You don’t need the hammer option. A 20v lithium drill is all you need.


----------



## DBV (Jan 8, 2011)

I second the Milwaukee M18 Fuel Hammer drill. It can not be beat, especially paired with a Nils Orange Auger. Sold my Nils power auger, once I got this setup.


----------



## allwayzfishin (Apr 30, 2008)

My Milwaukee m18 started smoking today. Only drilled about 20 or so holes throughout the day. It’s about 8 yrs old so I’m assuming the brushes are toast. First my shanty, then my drill. Comes in 3s so it better not be my flasher unit next! Smh, hopefully I can find a used drill tomorrow for cheap


----------



## set-the-drag (Jan 13, 2013)

Has anybody checked the ice out


----------



## BudIce (Jan 10, 2015)

Saw one guy in road bed yesterday no one today when I drove over.


----------



## set-the-drag (Jan 13, 2013)

Thanks going to go Sunday probably stand South end though


----------



## dubois (Apr 1, 2014)

Drove by 44 bridge today and open water can be seen around the bridge. Boathouse edge is sketchy at best, Sunday should be OK though.


----------



## set-the-drag (Jan 13, 2013)

44 bridge was a sh show Sunday not surprised it's still bad it's always sketchy though


----------



## HappySnag (Dec 20, 2007)

allwayzfishin said:


> My Milwaukee m18 started smoking today.
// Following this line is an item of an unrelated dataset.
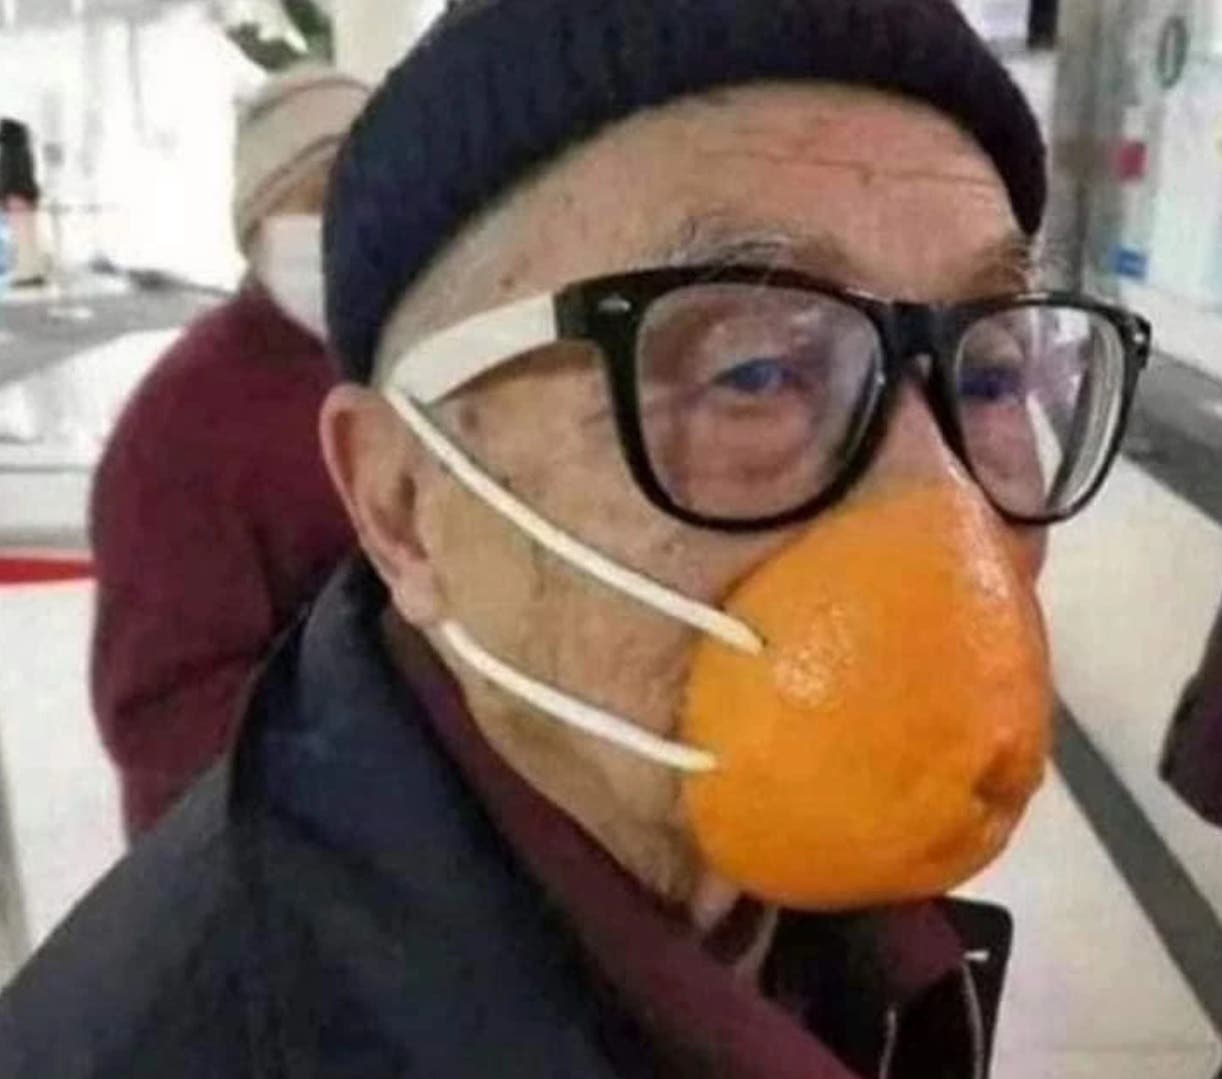 رجل استخدم قشر البرتقال لحماية نفسه من الفيروس واستنشاق فيتامين سي في نفس الوقت

Only drilled about 20 or so holes throughout the day. It’s about 8 yrs old so I’m assuming the brushes are toast. First my shanty, then my drill. Comes in 3s so it better not be my flasher unit next! Smh, hopefully I can find a used drill tomorrow for cheap


m18 fuel is brushles drill
get brushles


----------



## RStock521 (Jul 17, 2008)

2704 or 2804 hammer drill is the Milwaukee you want. 2703 and 2803 will work too though.


----------